My dreams can be closely linked to how I feeling that moment and what I am thinking, so they were usually bizarre and weird. Sometimes it feels real and like something that will happened in my life.
As the day is closely nearing me, I keep having weird dreams. But none affected me except for one particular dream I saw sometime in last week.
It was about the choice I had made. About me, someone dear to me. Lets call him B
I dreamed of B suddenly come to me and asking why I didnt wait for him but instead choose someone else. B, in my dream were quite different from whom I knew all of these years but his playful attitude didnt change. I kinda startled with the Q and I dont know how to answer him. He then kept appearing here and there, amused me with every trivia facts that he knows about me, trying to charm me back. Seriously I were dumbstruck, not knowing what to do or what to say. And I, in my dream started to doubt my choice; why did I choose someone I merely know instead of someone who knows almost everything about me, why didnt I waited for him, why and why and why.

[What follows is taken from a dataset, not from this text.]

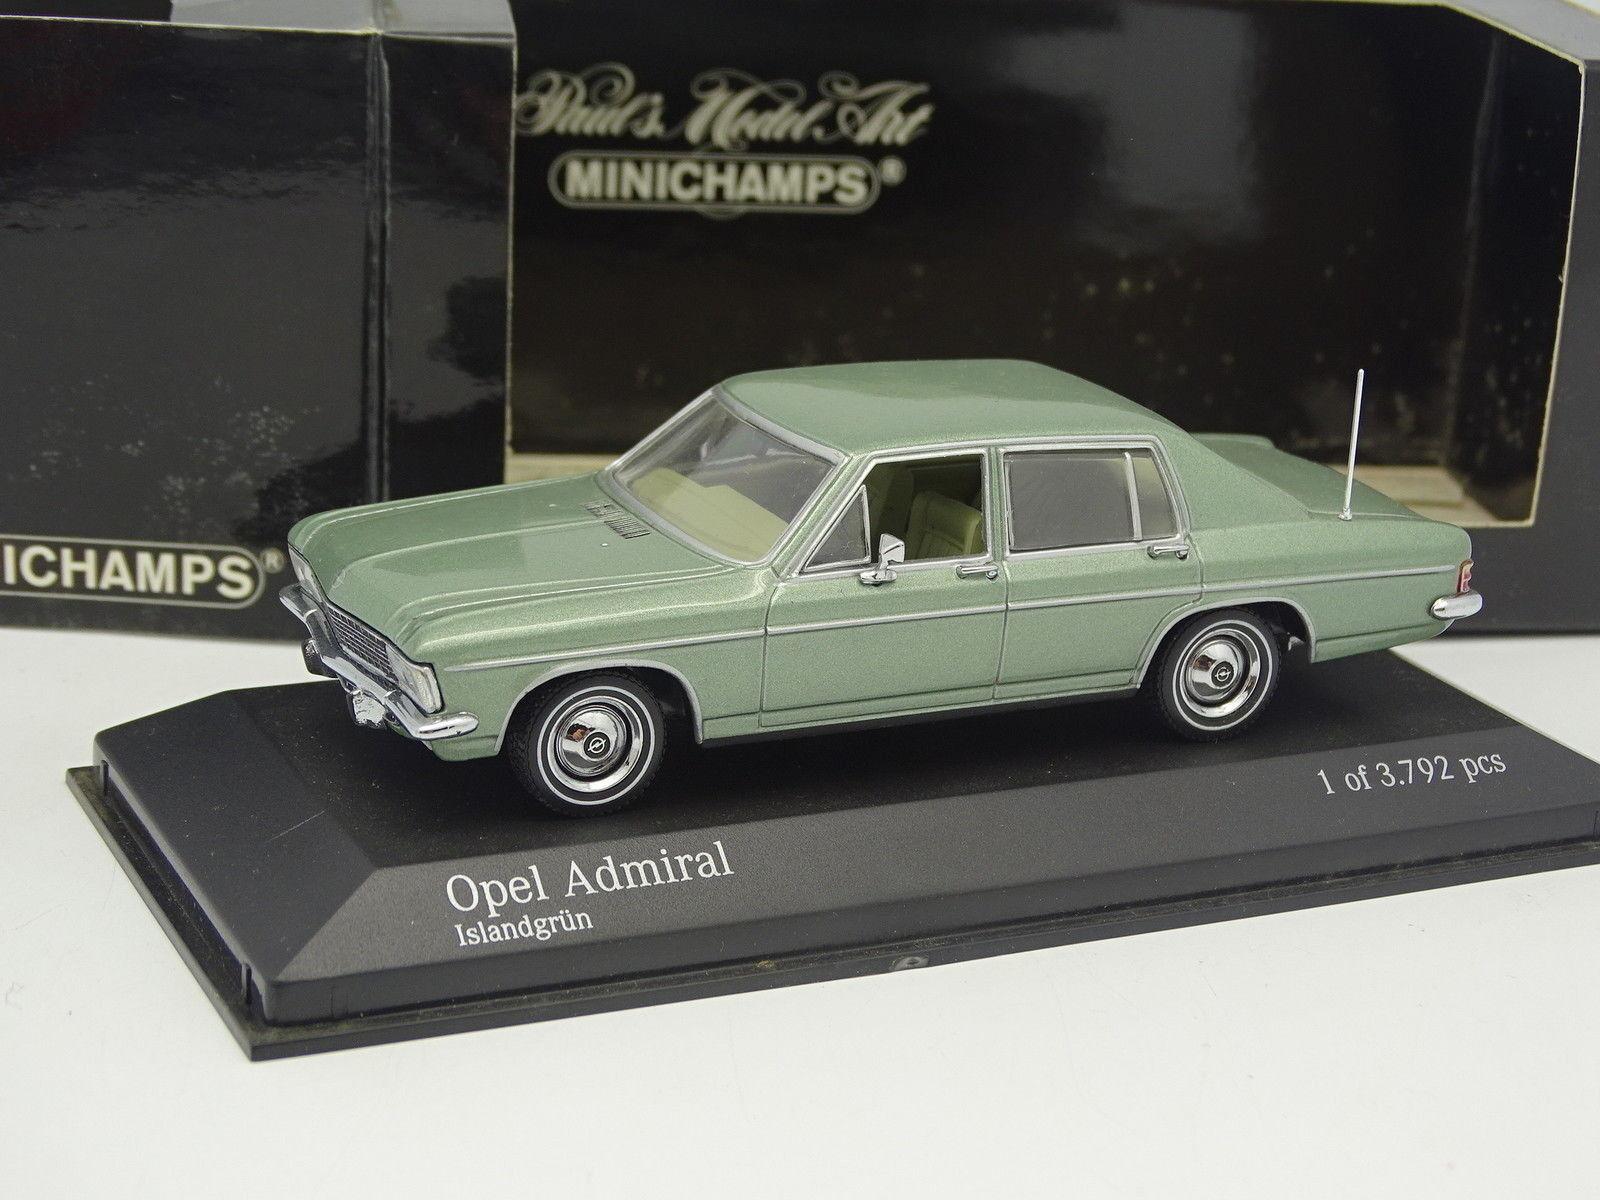 Minichamps 1 43 - - - Opel Admiral Green 05d8c8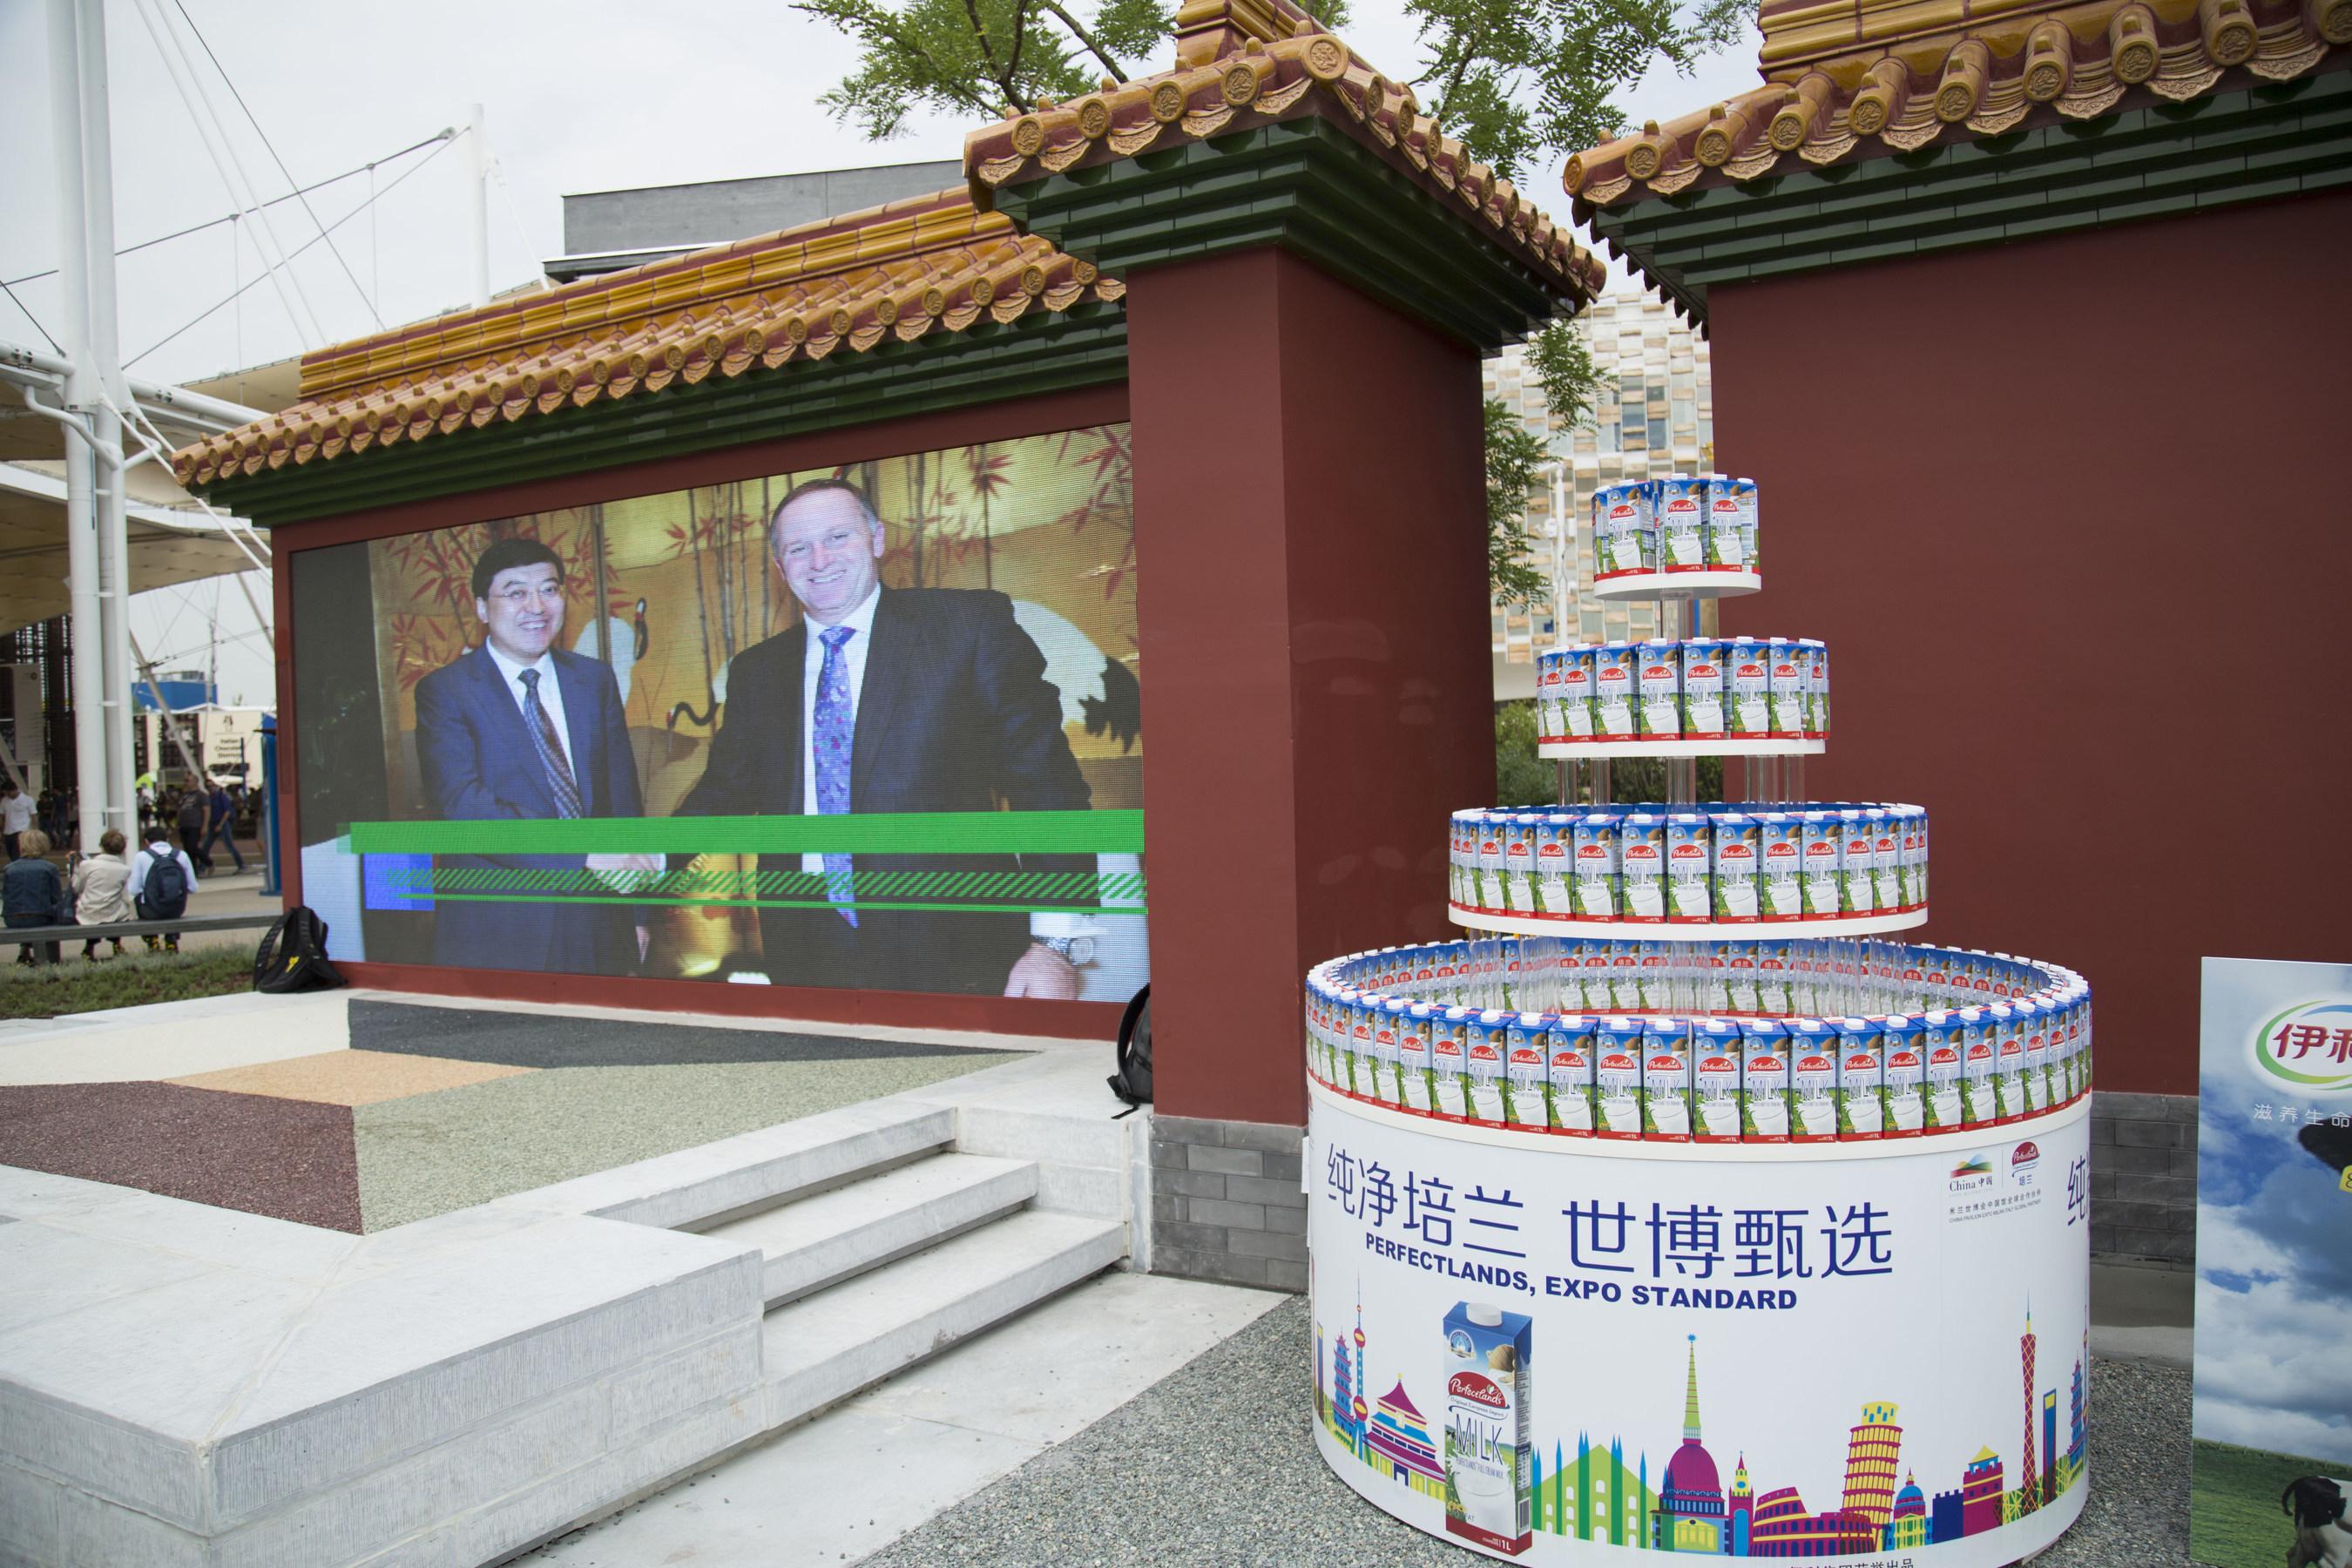 Yili nimmt am Chinatag auf der Mailänder Expo teil und zeigt innovative Stärke

I was woken up feeling very confused and all I wanted was to curl down and to cry. But obviously, I cant. I had loads of stuff to be done that day so I carried my day away, feeling confused and I kept thinking why did I made the choice until at noon, after I ran my errands and was on my way back to home, something struck my mind;
I didnt choose someone who is perfect and knows everything about me. I dont need someone who is now working my dream job and making fortunes. Nope, I dont need them all. I just need someone, whom I know is not perfect at all but he is and he will try to be the best for me. He who is willing to learn everything about me and wants to share every single thing, from a small piece of his fave cookies to his biggest secret just with me. He who loves me and wants to love me more everyday. He whom I love now.
When I realized the facts, all the confusion went away. Just like that. In a breeze.
Guy, lets make our own way together, and lets build our life together. ne? Love you!